╭─ Supplied material

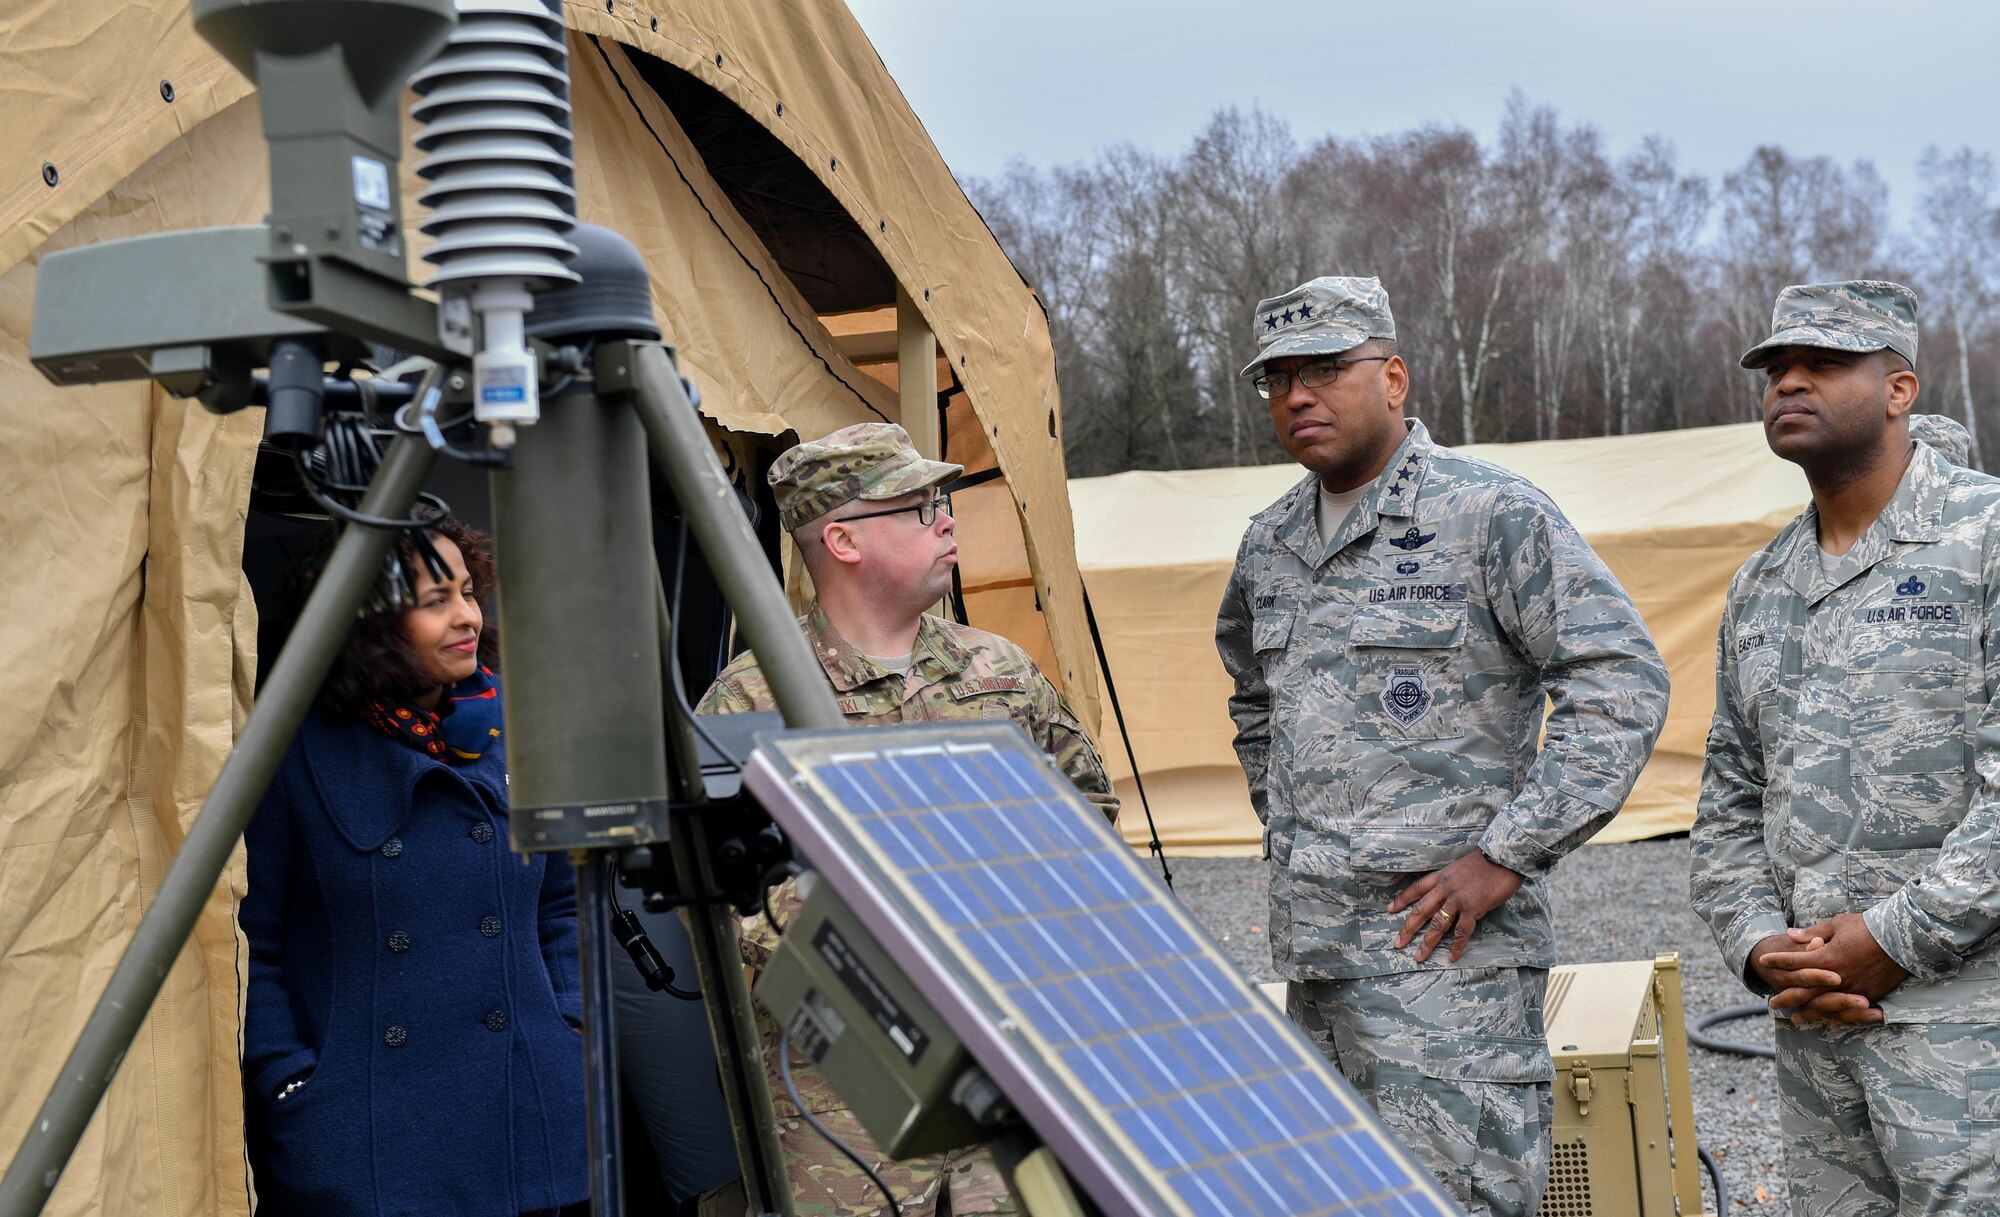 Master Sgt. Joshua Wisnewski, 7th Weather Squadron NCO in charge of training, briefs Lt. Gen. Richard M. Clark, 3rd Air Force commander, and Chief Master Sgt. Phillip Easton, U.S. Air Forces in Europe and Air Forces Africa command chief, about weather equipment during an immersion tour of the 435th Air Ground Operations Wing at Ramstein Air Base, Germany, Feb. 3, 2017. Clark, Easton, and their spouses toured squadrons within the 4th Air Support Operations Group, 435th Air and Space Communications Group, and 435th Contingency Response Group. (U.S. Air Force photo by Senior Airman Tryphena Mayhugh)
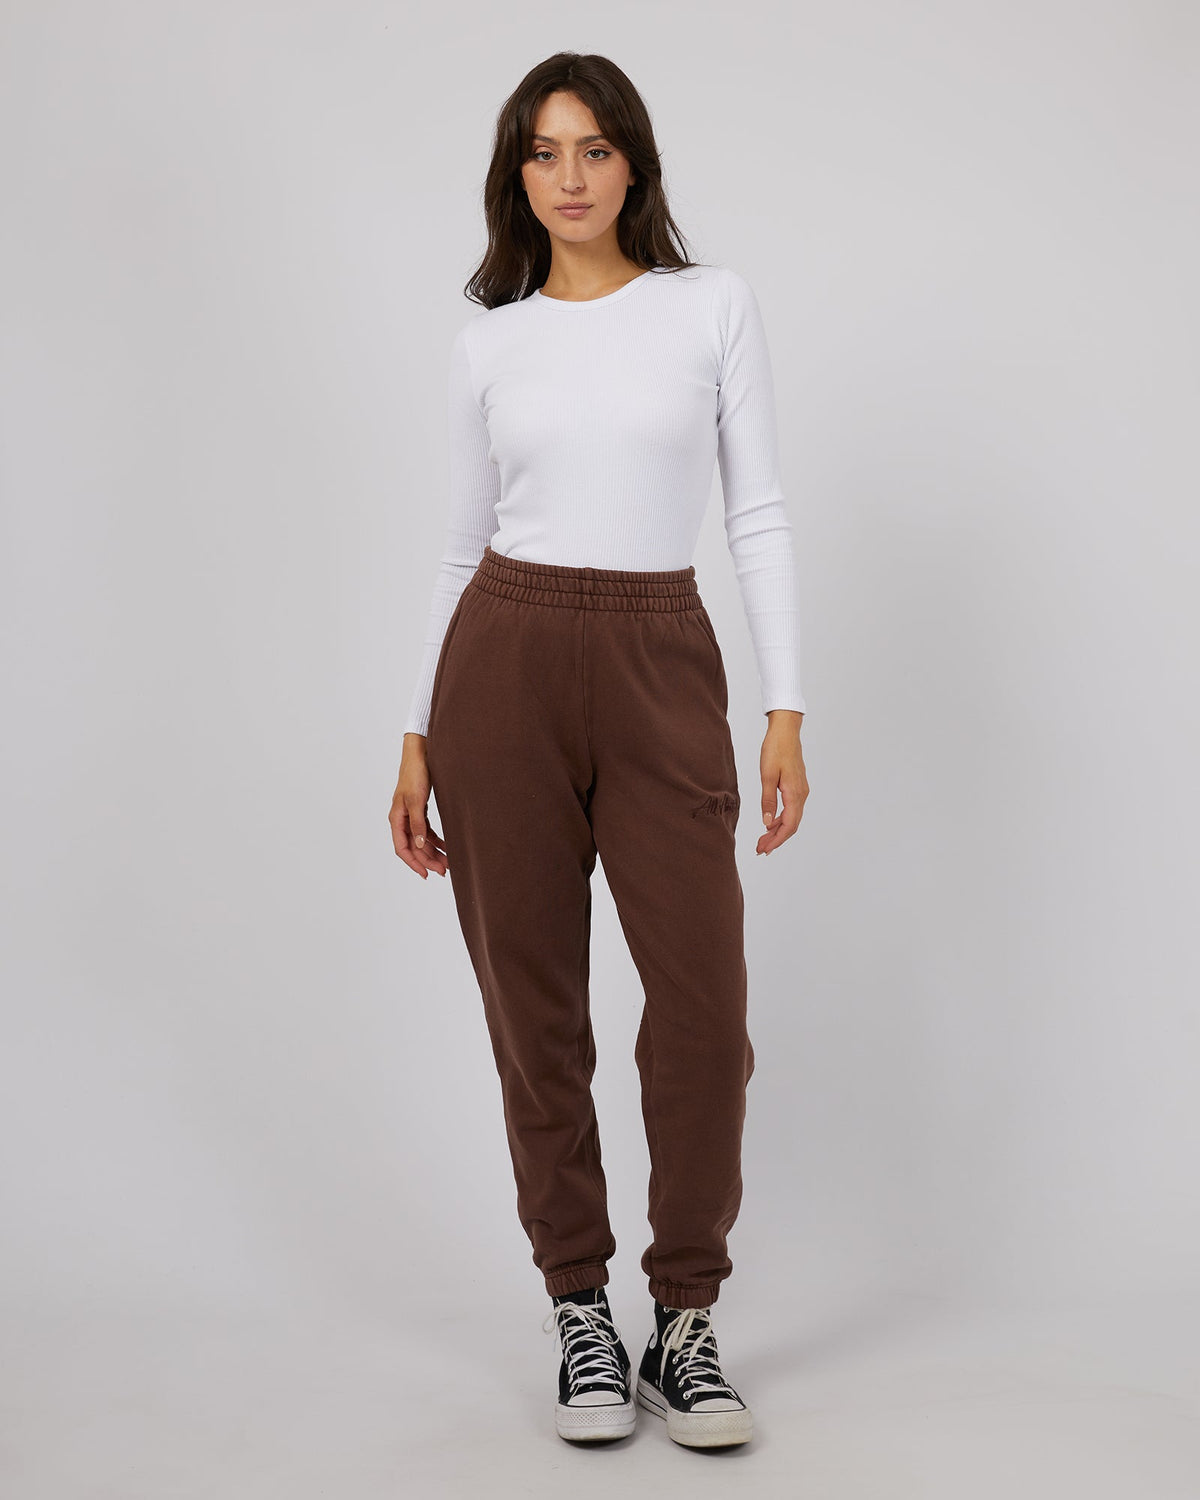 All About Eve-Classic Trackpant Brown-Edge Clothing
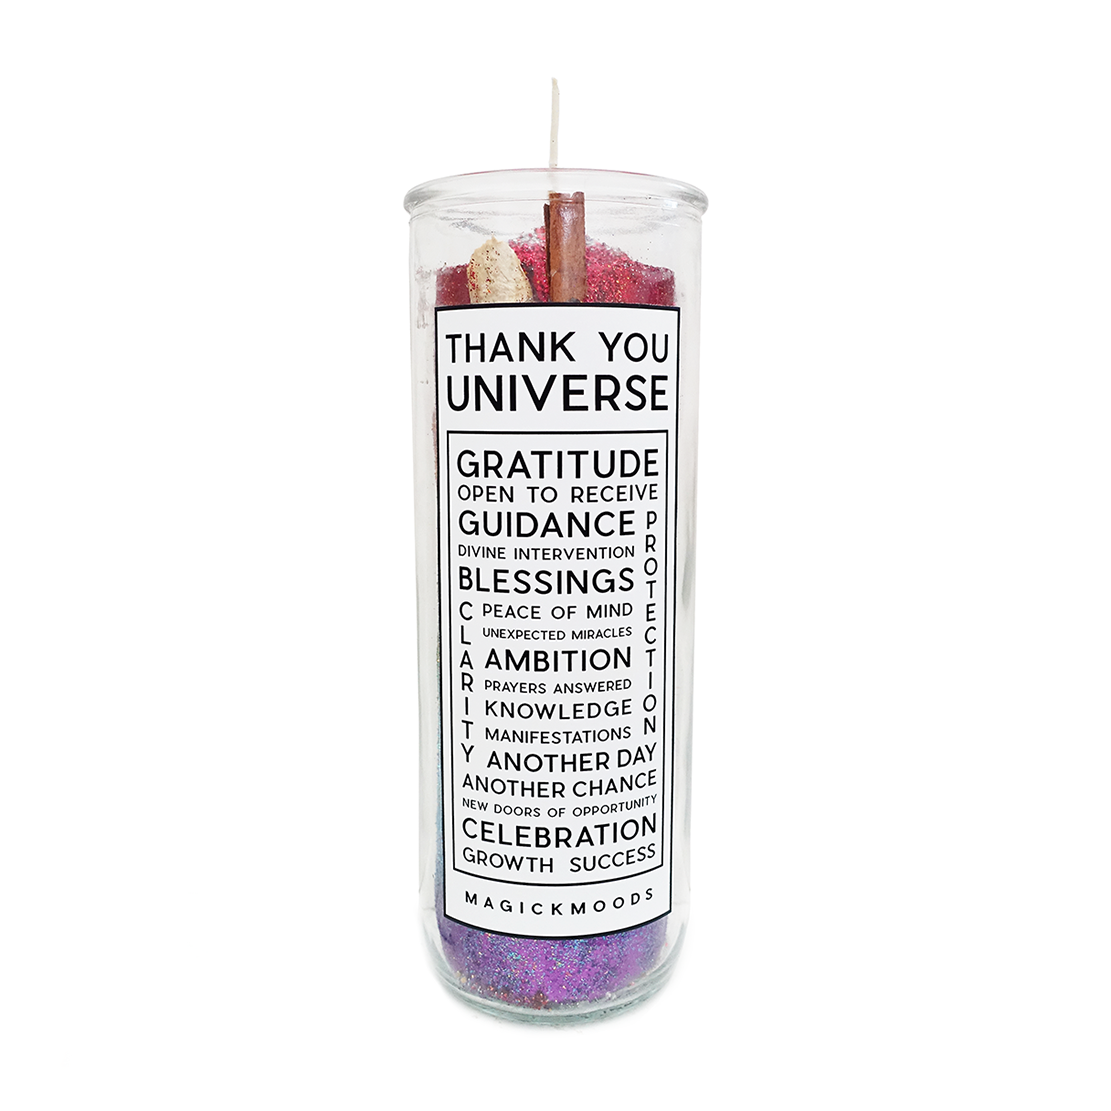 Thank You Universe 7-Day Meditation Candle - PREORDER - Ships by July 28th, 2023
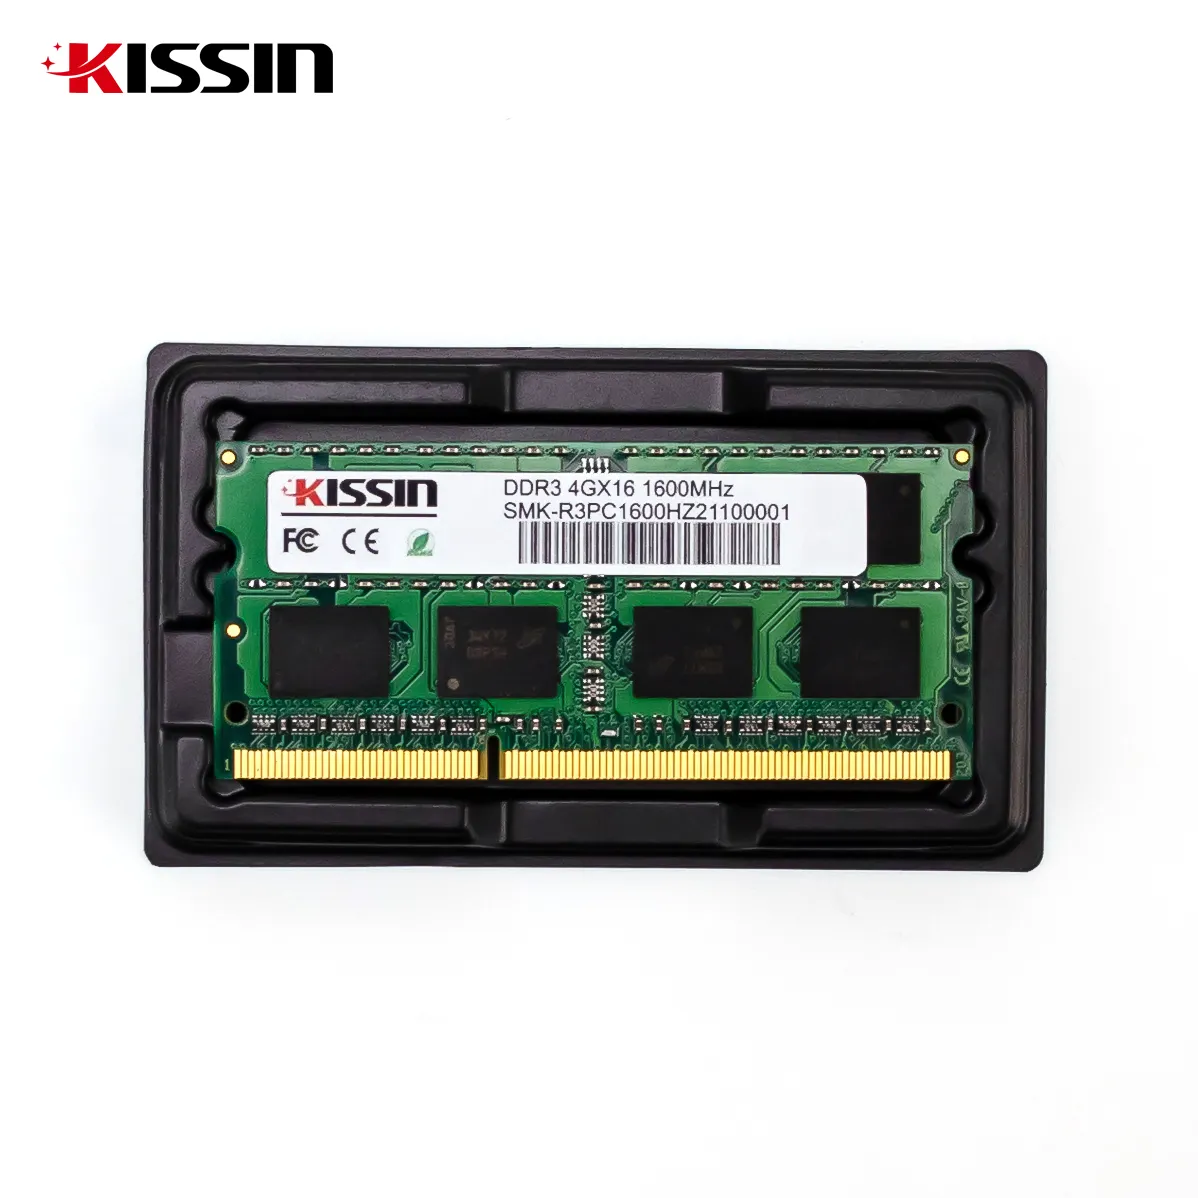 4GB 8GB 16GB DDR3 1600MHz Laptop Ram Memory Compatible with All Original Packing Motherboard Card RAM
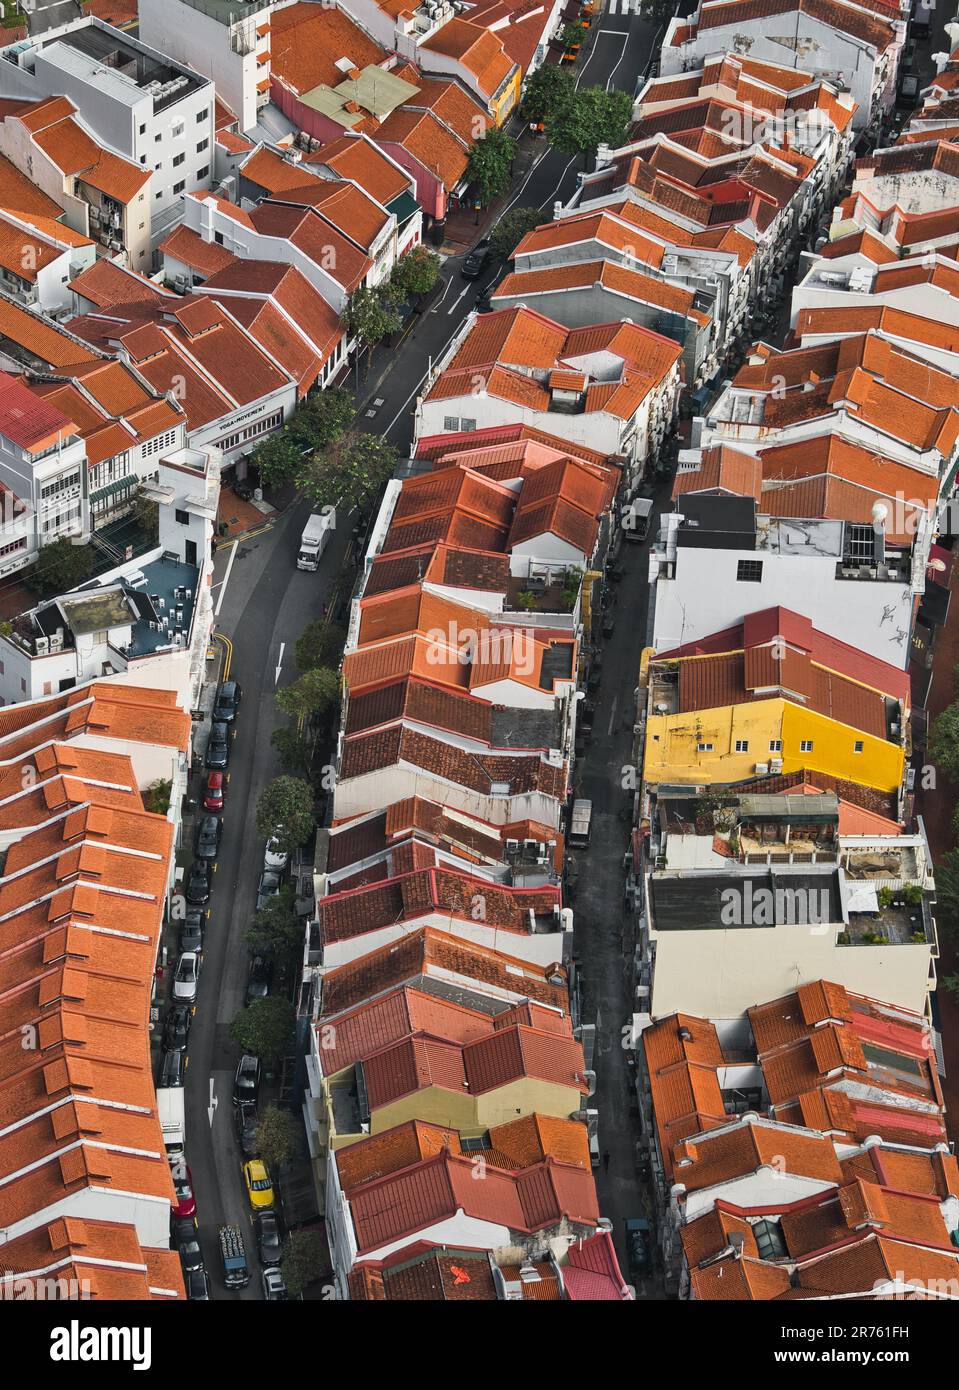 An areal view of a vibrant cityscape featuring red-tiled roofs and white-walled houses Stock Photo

╰─

Instructions to follow> Please reproduce each line of the listing above exactly, skipping pictures.

Answer to this exercise>
 Master Sgt. Joshua Wisnewski, 7th Weather Squadron NCO in charge of training, briefs Lt. Gen. Richard M. Clark, 3rd Air Force commander, and Chief Master Sgt. Phillip Easton, U.S. Air Forces in Europe and Air Forces Africa command chief, about weather equipment during an immersion tour of the 435th Air Ground Operations Wing at Ramstein Air Base, Germany, Feb. 3, 2017. Clark, Easton, and their spouses toured squadrons within the 4th Air Support Operations Group, 435th Air and Space Communications Group, and 435th Contingency Response Group. (U.S. Air Force photo by Senior Airman Tryphena Mayhugh)
 All About Eve-Classic Trackpant Brown-Edge Clothing
 Thank You Universe 7-Day Meditation Candle - PREORDER - Ships by July 28th, 2023
 4GB 8GB 16GB DDR3 1600MHz Laptop Ram Memory Compatible with All Original Packing Motherboard Card RAM
 An areal view of a vibrant cityscape featuring red-tiled roofs and white-walled houses Stock Photo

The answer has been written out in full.